A son extrémité, nous n’imaginions pas que la remontée équipée était si verticale ! Nous réservons la topo de la suite pour une prochaine visite, et nous rentrons paisiblement au bivouac d’entrée. Ce n’est pas fréquent de s’abriter confortablement dans la cavité explorée !

Nouvelle nuit dans la tanière des ours, mais l’autoritaire intervention d’un excédé rend les grognements plus réguliers, moins bruyants.

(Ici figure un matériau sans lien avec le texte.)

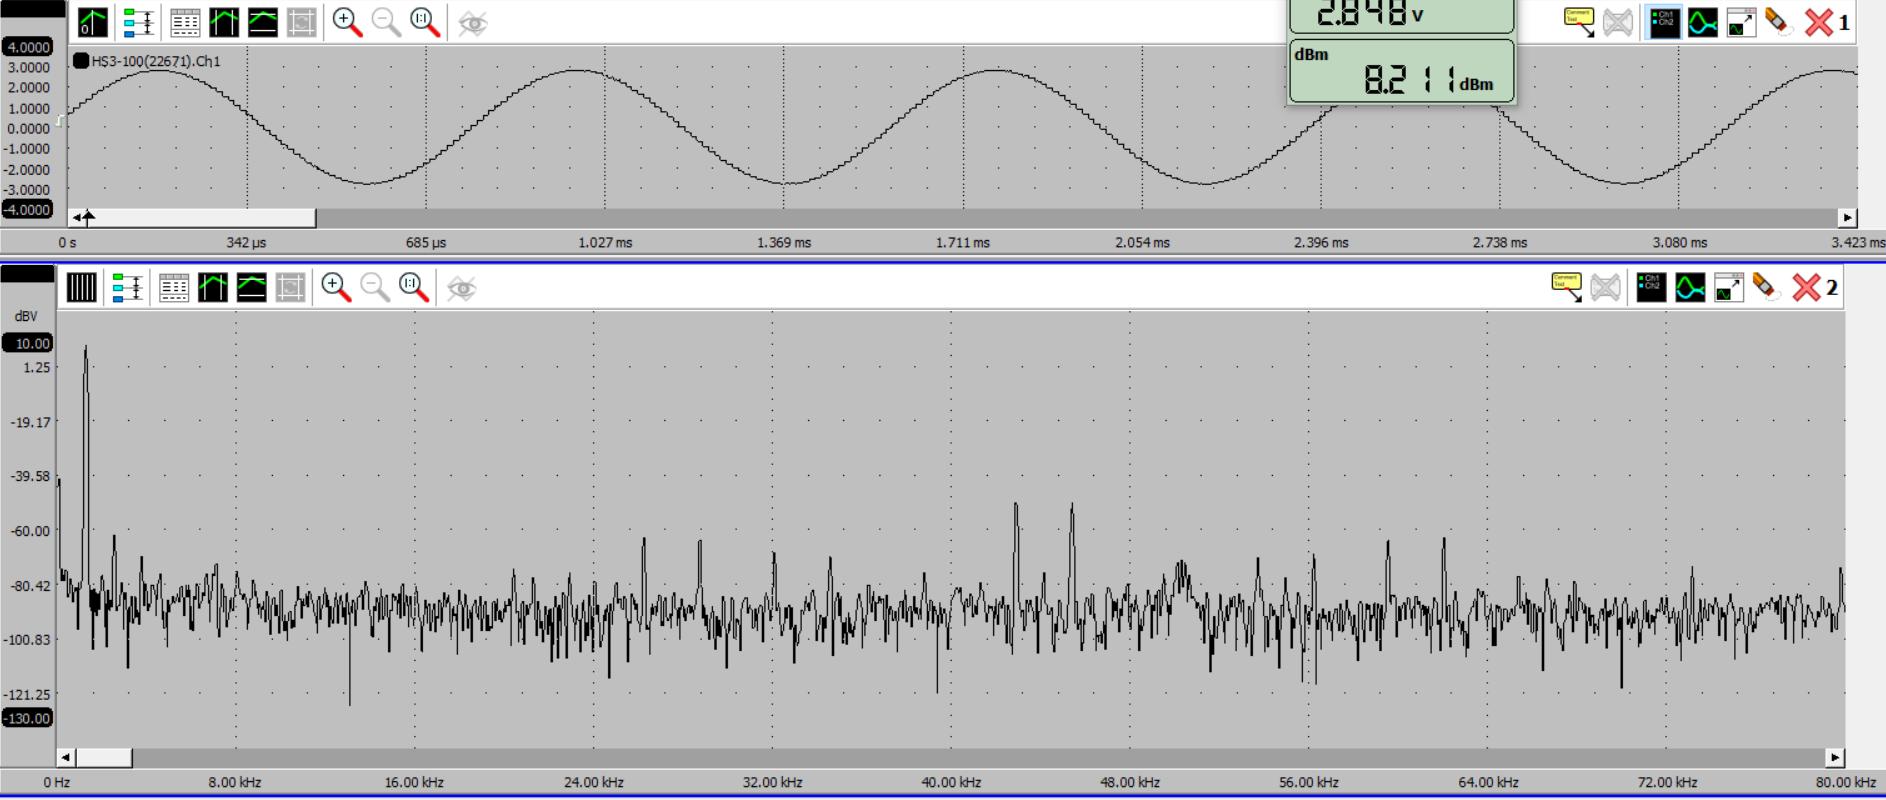 Esperimento sull'interpolazione lineare - Pagina 5 49162981917_5dd4e1474f_o_d

Au jour le dimanche matin, je dévale le sentier pour revenir à Badain (2h), décharger le sac des affaires de bivouac devenues inutiles, et emporte le fluorimètre de forage prêté par André. Je rejoins vers les 10 heures, le groupe en charge de l’ascension du Chorro. Etienne est déjà parvenu sous un surplomb au-dessus du porche (photo 11). Lors du contournement en hauteur du porche par l’Est, il remarque un trou soufflant chaud, pénétrable, profond de ¾ m au fond encombré de blocs… Cette cavité, inédite, est vraisemblablement un nouvel accès au réseau du Chorro, hors crue, d’un très grand intérêt ! Cette éventualité devra être vérifiée lors d’un raid dédié. Pour l’heure, Etienne progresse sur une corde d’escalade de 8mm, provisoire. Il fixe 2 goujons à la verticale du seuil, sur la paroi Ouest, qui permettront d’y descendre en toute sécurité. Sans y descendre car l’heure avance, il équipe en s’écartant de la cascade lors de l’activité de la résurgence, pour atterrir dans les buissons, à l’Ouest de la marmite de géant. Etienne est resté suspendu 2h30mn pour tracer et équiper la voie. Bravo l’artiste!

photo 11
Jean et Olivier nous quittent, leur voyage retour est plus long.

Nous revenons vers la passerelle où 3 injections (2g, 4g, 2g) de fluorescéine sont réalisées. Lors de l’extraction et l’enregistrement des données, un problème survient (récurrent puisque nous l’avions déjà déploré le week-end précédent lors d’autres jaugeages). Les 2 injections sont cumulées et mélangées sur la carte, alors que la seconde devrait écraser la première… Il s’agit d’une maladresse dans la procédure d’enregistrement du fichier. Donc à nouveau des résultats aberrants, mais un à 243 l/s (règle à 18 cm) alors que nous avions eu 215 l/s (règle à 17 cm) le 08/02/2015. Le doute subsiste donc et le débit d’étiage correct nécessitera un nouveau déplacement à Fornos. Notons simplement pour l’instant qu’il est aux alentours de 200 l/s lorsque limnimètre et limnigraphe mesurent 17/18 cm.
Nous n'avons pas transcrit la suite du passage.